Grimoire management was a delicate business. The utmost concentration was essential, especially in the middle of a lively adventuring party's camp. Thus, Aloth failed to notice the Watcher's approach until she suddenly plopped down beside him as he was in the middle of imbuing one of his grimoire's pages with the soul energy necessary to cast Chain Lightning, tracing out the intricate lines of the spell on the yellowed page. Startled out of his intense concentration, he uttered an invective he'd learned from Iselmyr. Lenneth uttered a startled giggle. Aloth sighed.
"All right," he grumbled peevishly, "tell me what you want so I can get back to preparing for tomorrow. I'll have to start this page over now."
"Oh," Lenneth said, her voice soft, brows knitting in concern as she saw, too late, what she'd interrupted. "I'm sorry. I didn't realize."
"It's all right," Aloth sighed again, leaning back from the tome open on his lap and blinking away the eyestrain of such intense focus. "It's hardly urgent; I have all evening," he assured her, attempting to affect a polite and pleasant demeanor and not to think too much on her nearness or the warmth that seemed to radiate as if from her very soul in such proximity. He fancied that his grimoire, deprived suddenly of the energy he had been so carefully feeding it, tingled and shivered like iron filings about to leap to a magnet. "What can I do for you, Watcher?"

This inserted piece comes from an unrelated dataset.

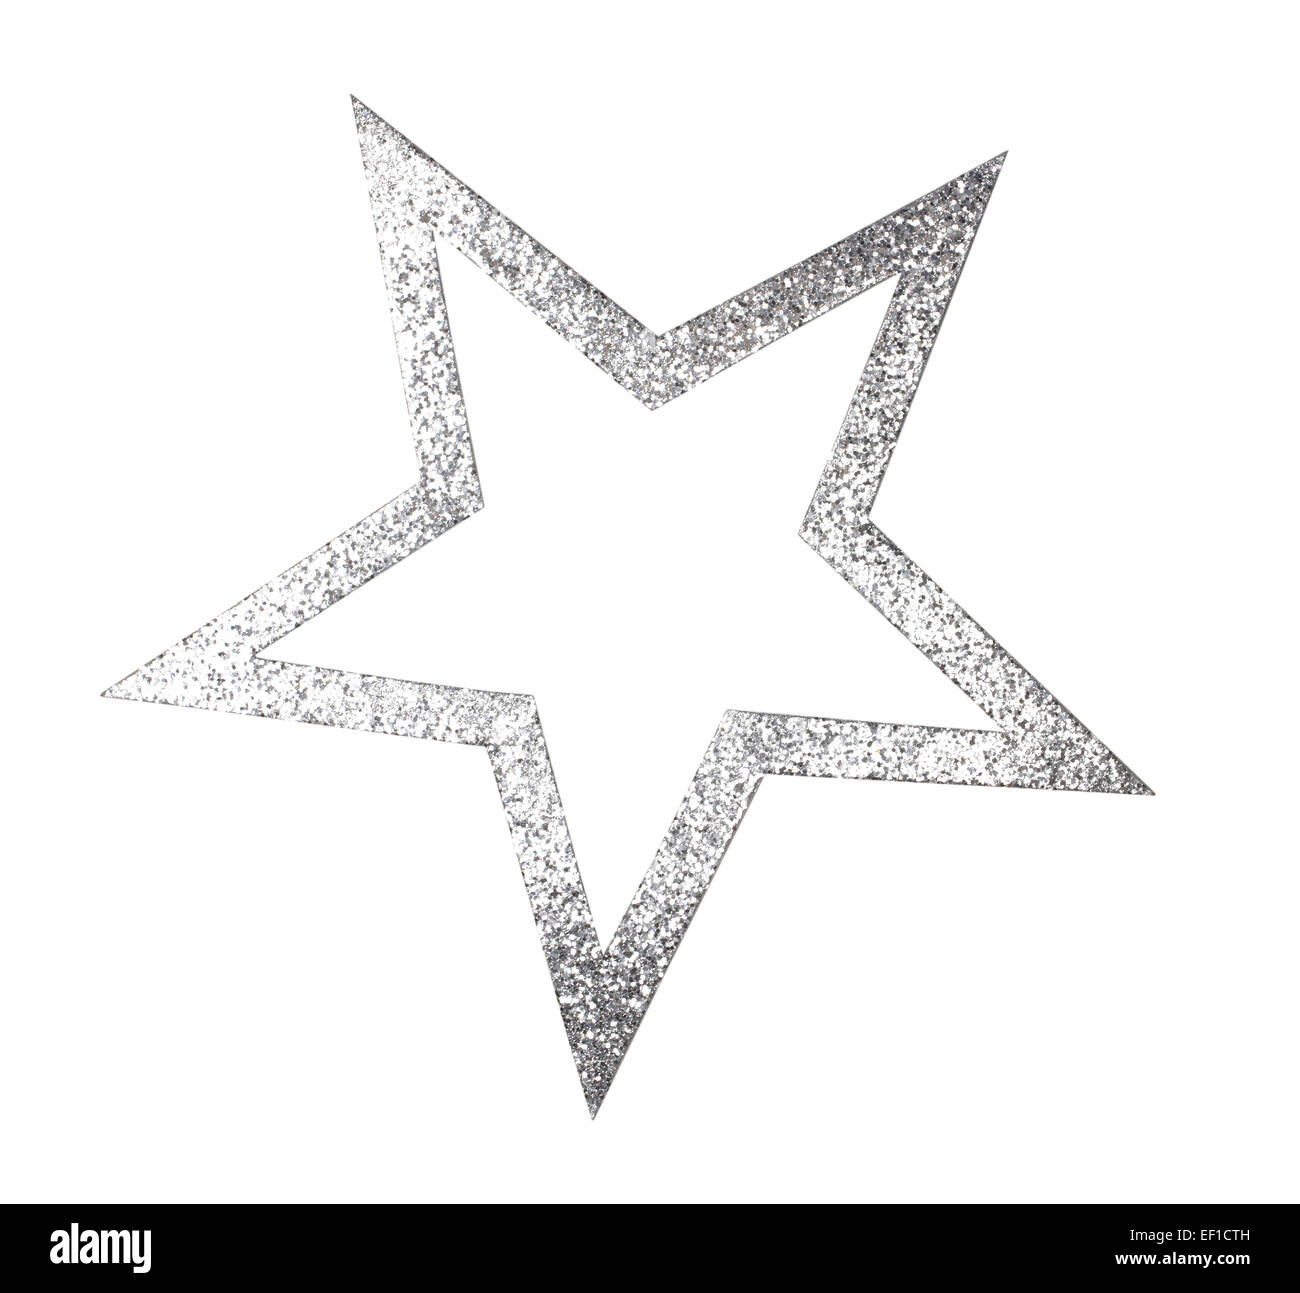 Silver Glittering star cutout - Stock Image

She eyed the tome for a moment longer before looking back to the wizard. "Do any of the special dishes you're supposed to serve for the Feast of Feasts involve boar?"
Aloth blinked at her. Once. Twice, before he could find words, and even then it was just to echo, "Boar?"
"Because Hiravias just brought one back - only slightly mangled, but that's what you get when you send a stelgaer out as your hunting party - and it seemed like a special occasion might be warranted, and it is the first week of Deep Summer, so I thought…" She finally trailed off and shrugged.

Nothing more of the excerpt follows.